Virgilio, allora, fa inginocchiare Dante di fronte a Catone e prende parola, rispondendo ai dubbi
dell’anima veneranda. Gli spiega, quindi, che egli è stato incaricato da una donna beata a soccorrere
Dante e a guidarlo attraverso l’Oltretomba. Aggiunge, inoltre, che Catone dovrebbe gradire la sua
venuta: il poeta fiorentino cerca la libertà, che è qualcosa di assai prezioso, come sa bene chi per
essa arriva a rinunciare alla propria vita. Conclude, infine, dicendo che i due sono svincolati dalle
leggi infernali – Virgilio è un’anima del Limbo, Dante è un vivente – e di farli passare in nome di
Marzia, moglie di Catone. L’uomo risponde che concederà loro il passaggio non per Marzia ma
grazie alla donna del cielo che li ha messi in viaggio; prima, però, Virgilio dovrà lavare il volto di
Dante e cingere la sua vita con un giunco.

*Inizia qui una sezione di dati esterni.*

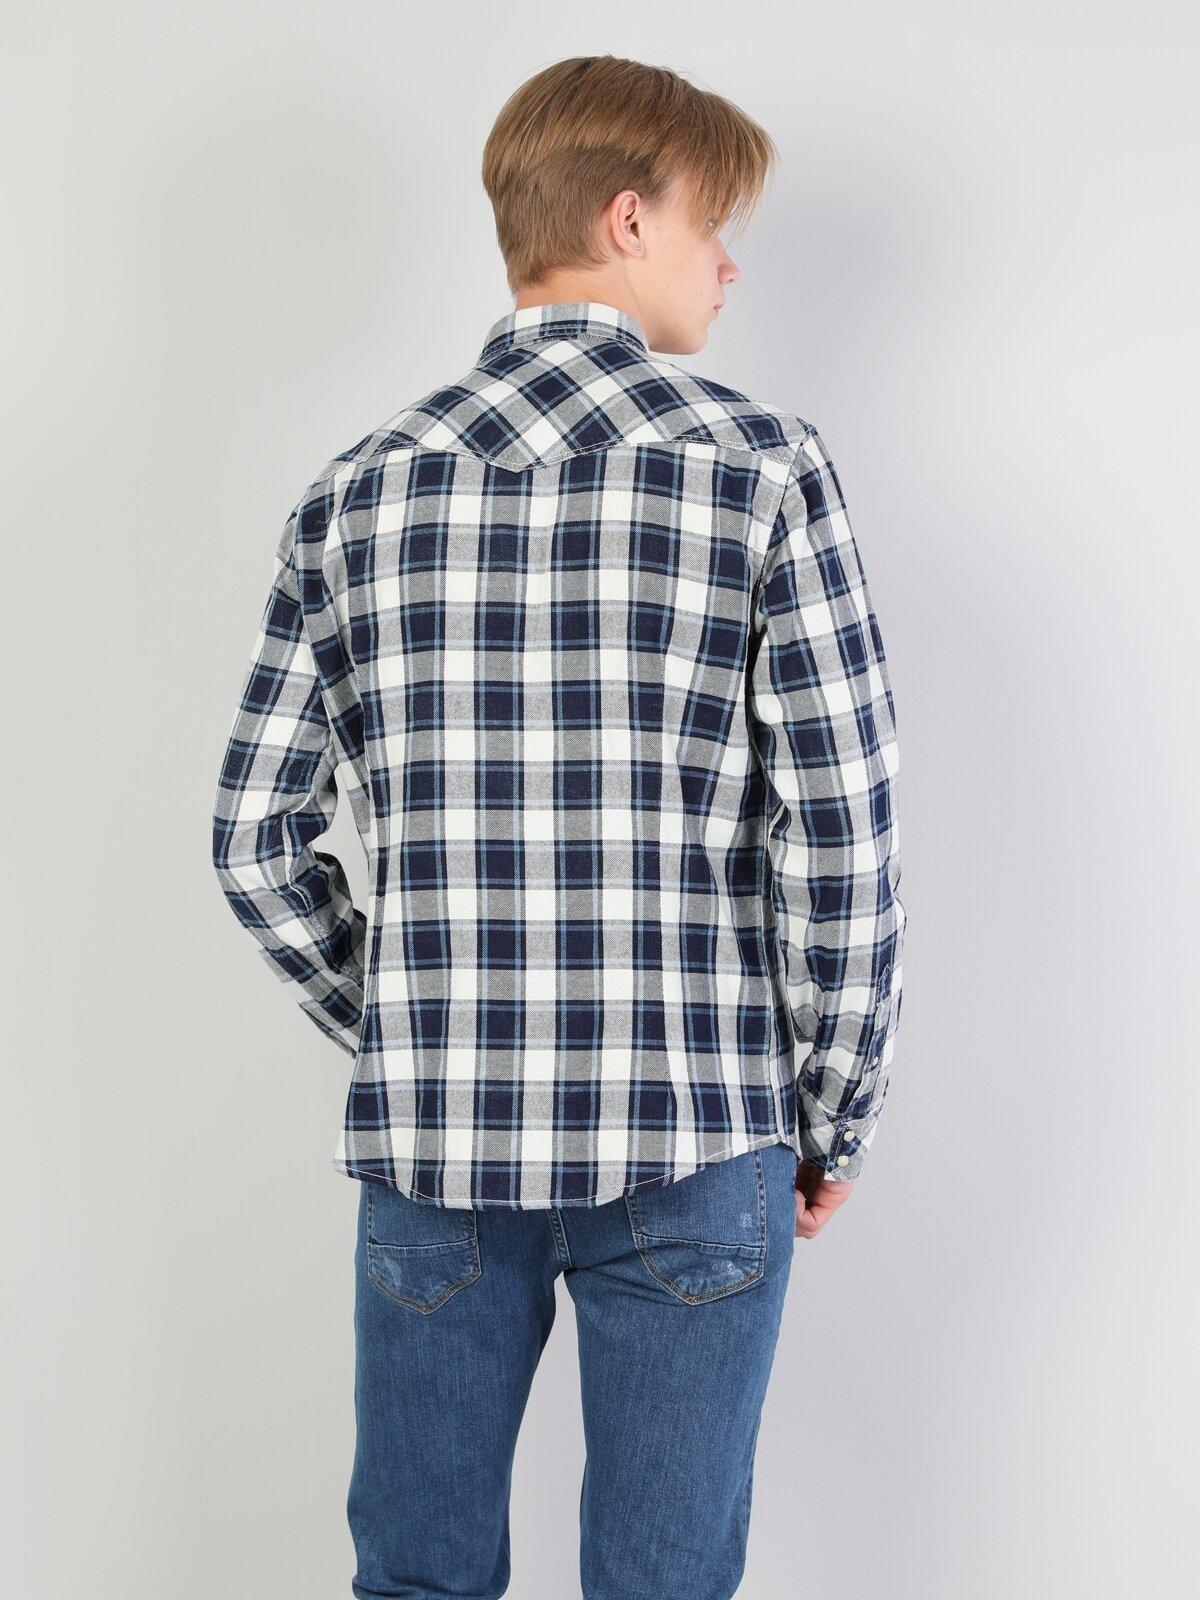 Slim Fit Shirt Neck Erkek İndigo Uzun Kol Gömlek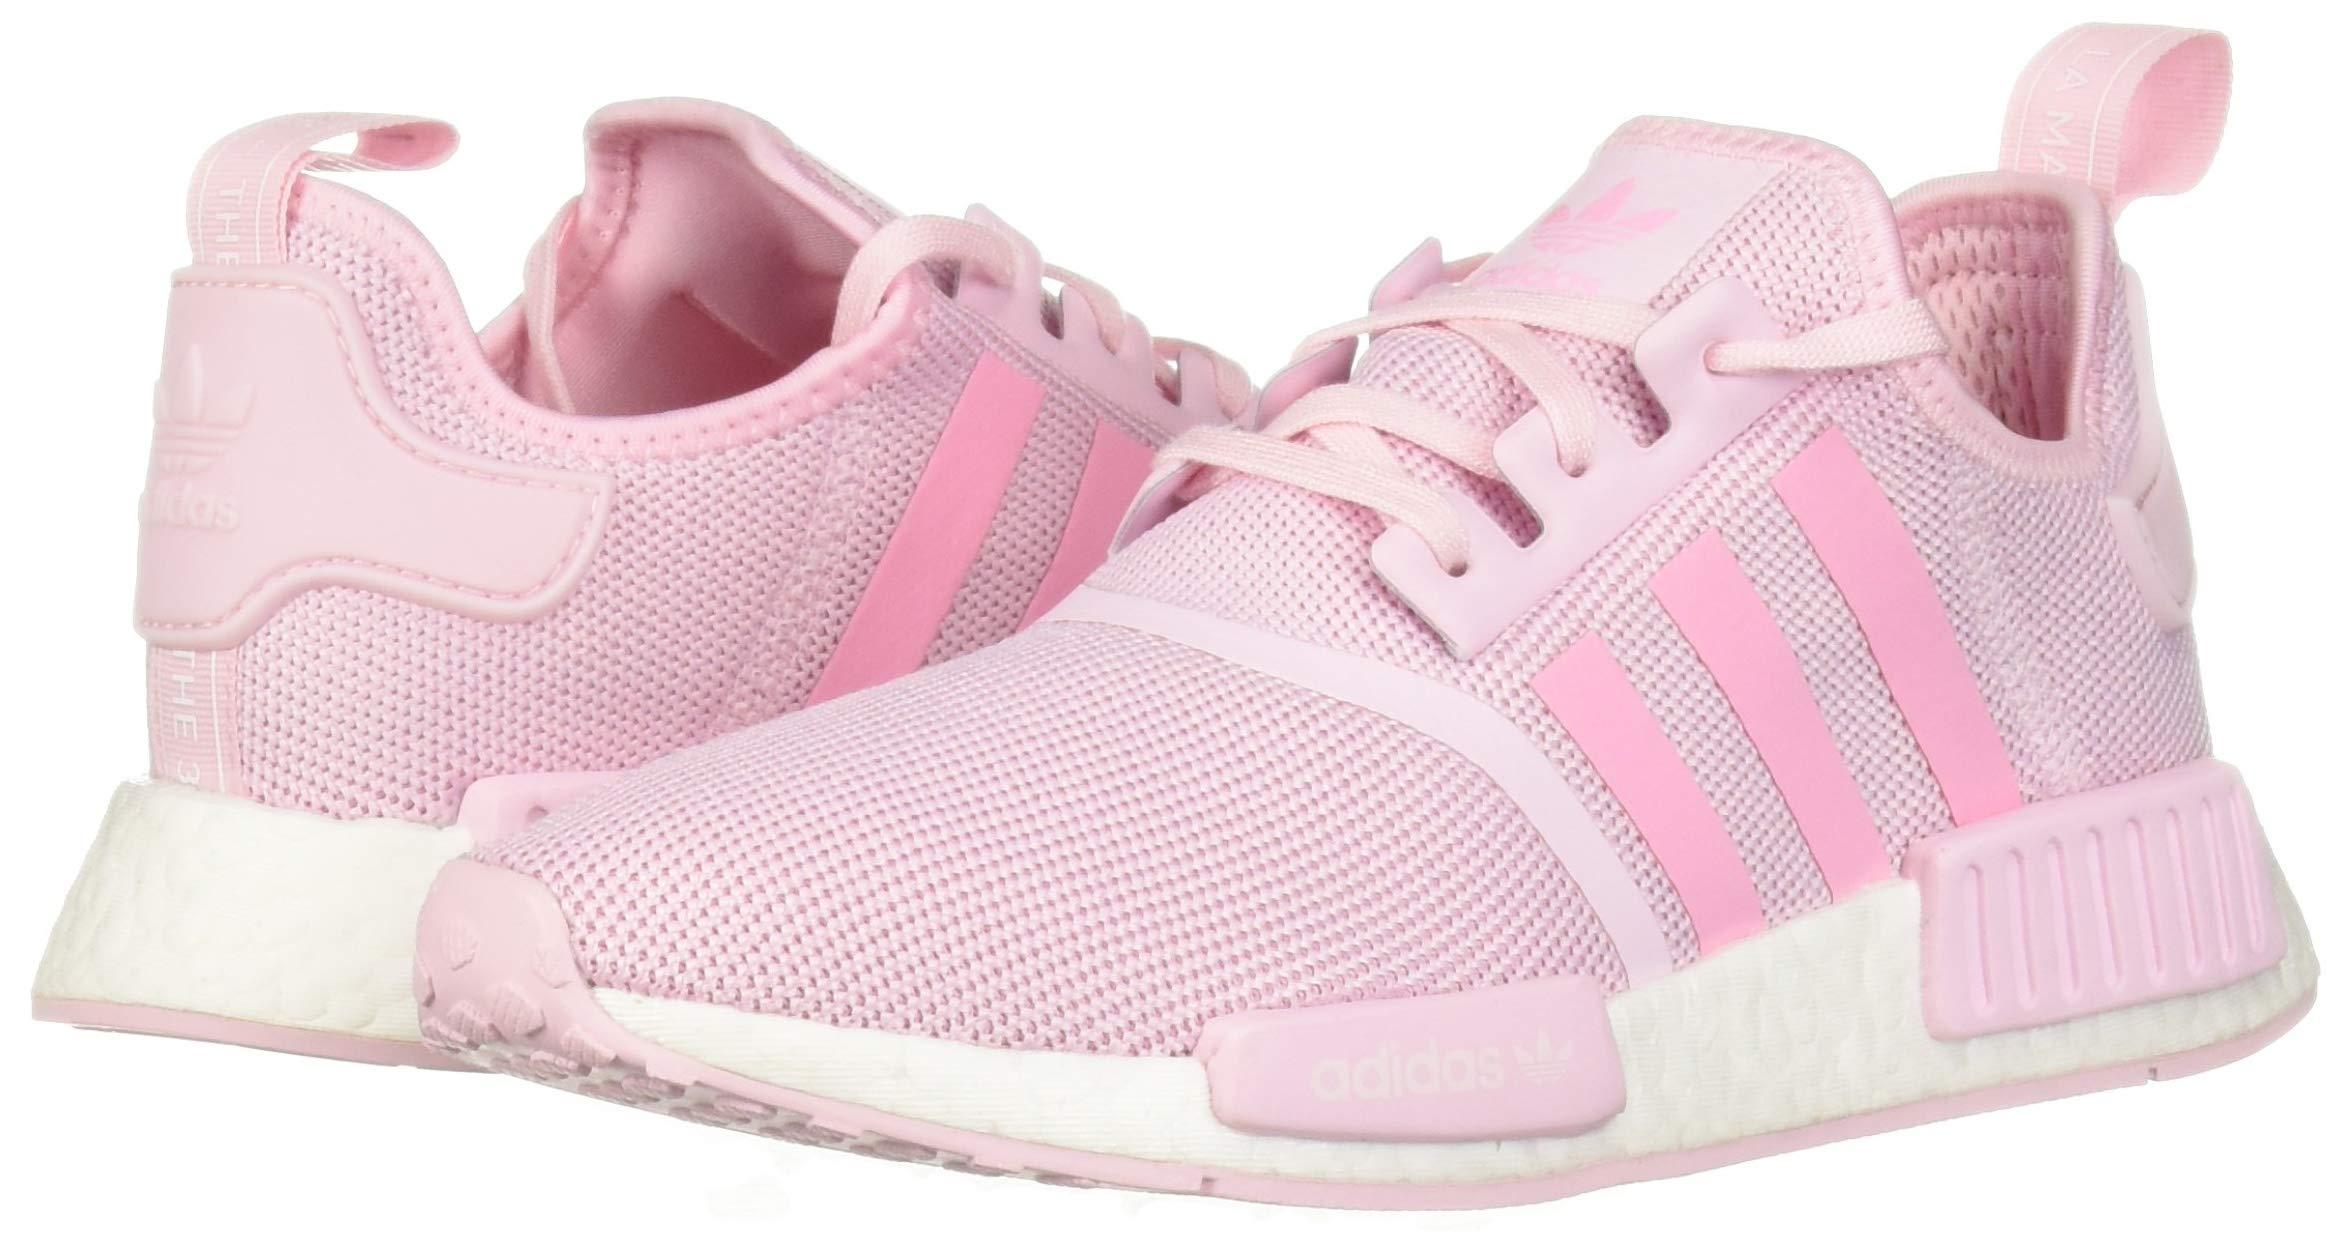 adidas Originals Unisex NMD_R1 Running Shoe Clear Shock Pink/White, 3.5 M US Big Kid by adidas Originals (Image #5)

Al termine del suo discorso, Catone scompare. Dante e Virgilio, tornando sui loro passi, giungono
in un punto della spiaggia dove l’erba è bagnata dalla rugiada. Con questa, Virgilio lava le guance
di Dante. Dopodiché, giunti nella parte bassa della spiaggia, il maestro si china a cogliere un giunco
con il quale cinge i fianchi di Dante.